English (United Kingdom)

”New shives” and new calculation procedure at measurement of shives

Freeness, shives, fibre length distribution and brightness are well established parameters for quality control at production of mechanical pulp. They are all measured on-line with L&W Pulp Tester. The fibre morphology analysis available in the laboratory analyzer L&W Fiber Tester is also used in L&W Pulp Tester.

In L&W Fiber Tester different fibre properties are measured in a detailed way. Apart from fibres the pulp consists of ray cells, fibre debris, fibrils, vessel cells and shives etc. In L&W Fiber Tester a dedicated software module analyses vessel cells. Measurement and classification of vessel cells are relatively straight forward in virgin hardwood pulps. Most wide objects are vessel cells. The degree of difficulty increases considerably at measurements on mixed pulps, especially on recycled pulp. Because of that, the tools in L&W Fiber Tester, to measure vessel cells have been refined during recent years, in order to separate vessel cells from other objects. The same technique is applied to measure also these other objects in the pulp. Measuring shives was of special interest.

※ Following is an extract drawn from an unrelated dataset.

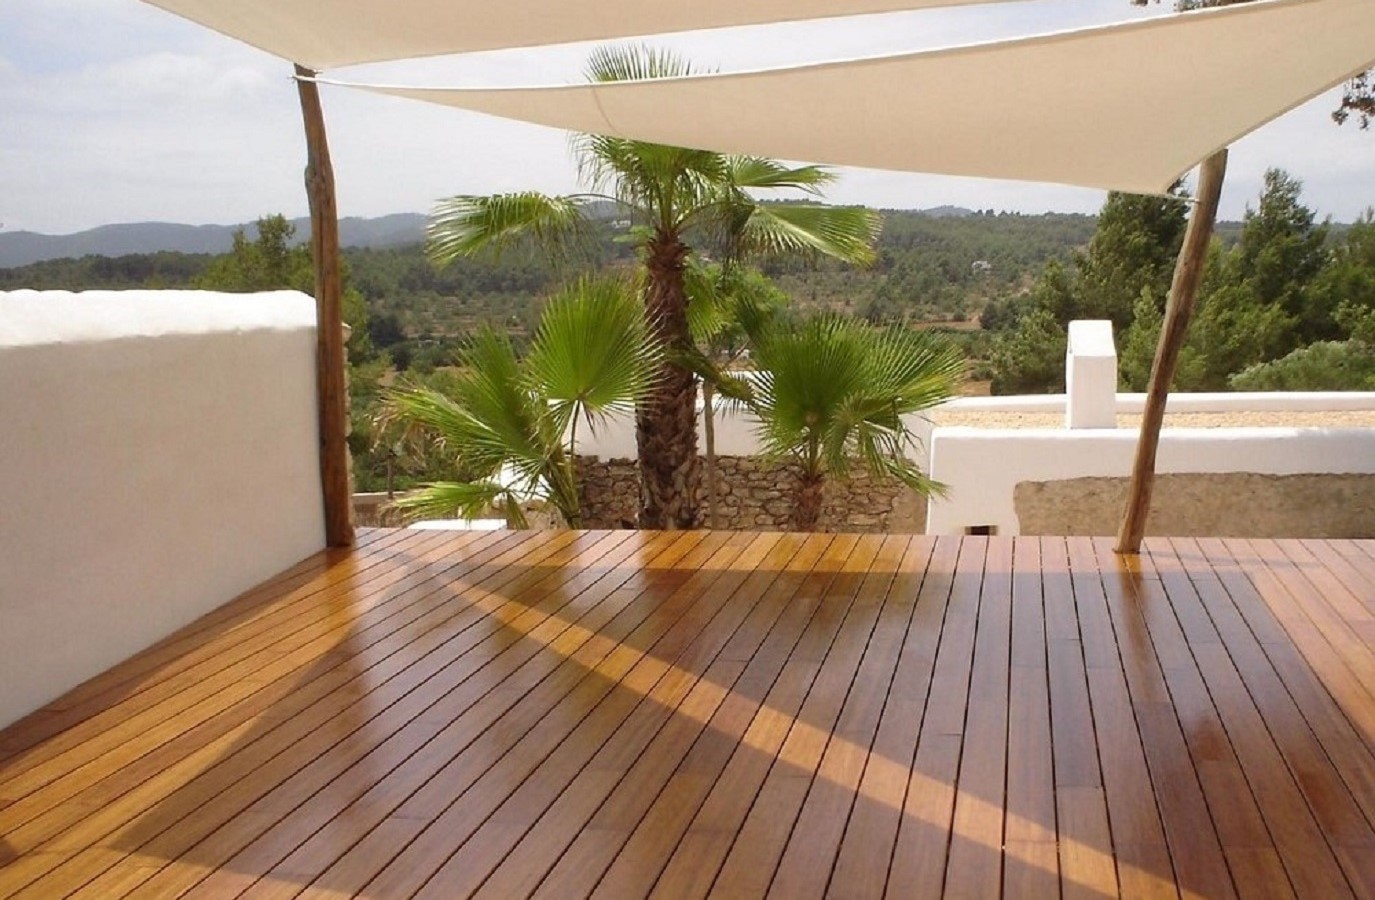 Proyectos Más Madera: Instalación de madera de Bambú en jardín particular en Marbella

The limitation of measuring shives, with L&W Fiber Tester, lies with the limitation of the statistics. The amount of shives in the measurement is limited by the total sample amount, even though L&W Fiber Tester handles bigger amounts of samples compared to many other laboratory fibre analysers. Interesting however is the detailed analysis at low consistency in L&W Fiber Tester that finds considerable more narrow shives than what is measured in other commercial optical based fibre and shive analysers.

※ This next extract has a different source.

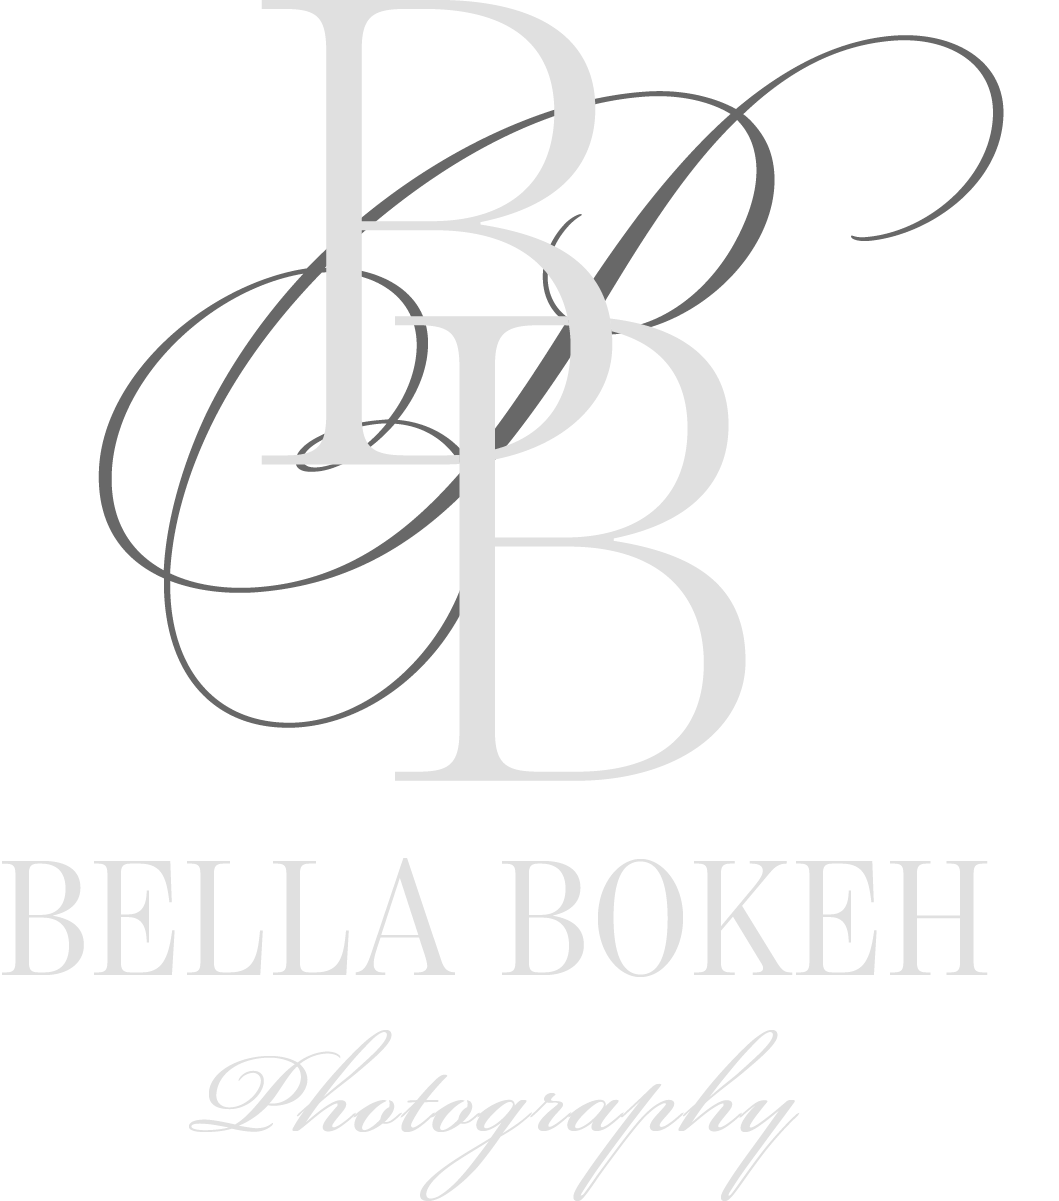 Bella Bokeh Photography

Detailed analysis or good statistics
You probably want both best possible statistics and highest accuracy in your measurements. But in practice all measurements are compromises between different demands. In L&W Fiber Tester the statistic is somewhat limited with respect to measurement of shives. But the degree of details and the ability to measure narrow shives are unique. The recently released on-line pulp analyzer, L&W Pulp Tester, includes a new developed more conventional shive analyzer. This shive analyzer measures on a bigger amount of pulp than other systems, with unique statistics and repeatability as a result. L&W Pulp Tester includes both the new shive module as well as a fibre morphology module, which is the same module used in L&W Fiber Tester. Good statistic for both “traditional” shives and a detailed analysis of small but more frequent shives is therefore possible.

Calibration of shive measurements in L&W Fiber Tester
One question when vessel cells are measured with camera technology and fibre analysis is how you calibrate the instrument. Against which instrument do you calibrate? Are there model particles that can be used? When camera technology and image analysis are used there is a unique possibility to actually see what is measured and registered and this can be used as a calibration method.

A well developed technique in L&W Fiber Tester selects and saves images of all objects wider than the fibres and classifies them as vessel cells or not. Images of all wide objects, both classified as vessel cells and not vessel cells, are saved. The images can then be monitored together with the measured classification parameters. The calibration is done by modifying the selection criteria relative to the included and excluded object data respectively, until you are satisfied with the classification. It is an iterative process with visual estimation of the actual images.

New procedure calculates length and width for objects with complicated structures
In the fibre analysers from Lorentzen & Wettre the fibre length and width are calculated from the fibre perimeter and fibre surface. This technique was developed, already at an early stage, by STFI for L&W STFI Fibermaster. The method requires a good image processing that creates an ideal image of the fibres before the calculations. An equation system with two equations and two unknown variables is solved and the result is calculated length and width. The advantage with this method is that all pixels in the image are used in the calculations. The resolution in the calculated fibre width is much higher with this method compared to what you expect from the pixel size itself. If the pixel size is 10 µm the resolution can be around 0.2 µm. The method works fine on long and slender objects like fibres.

A = b × L
P = 2 × b + 2 × L

Formula: The length L and width b of a rectangle formed model fibre are calculated from this equation system. A=fibre surface, P=fibre perimeter.

For short and wide objects like vessel cells or more complicated structures like many shives another method for calculation of length and width is to prefer. Different alternatives have been tested at Lorentzen & Wettre. Recently it was decided to use a rectangle as a model also for these objects, but the calculation procedure has to be completely different. Following calculation procedure will be applied for the future:

1. Mass centre of the object is calculated
2. The direction through the centre of mass for the main surface angular moment is calculated
3. The object is approximated with a rectangle with the same centre of mass, direction of main axis and main surface angular moment as the object.
4. The length of the rectangle is used

The width of the object is calculated as the surface of the object divided with the calculated length of the rectangle. 

This principle for calculation has shown to be perfect for vessel cells from southern hardwoods and is a good approximation also for other vessel cells and for shives. Classification of shives was the main reason for development of a new calculation procedure.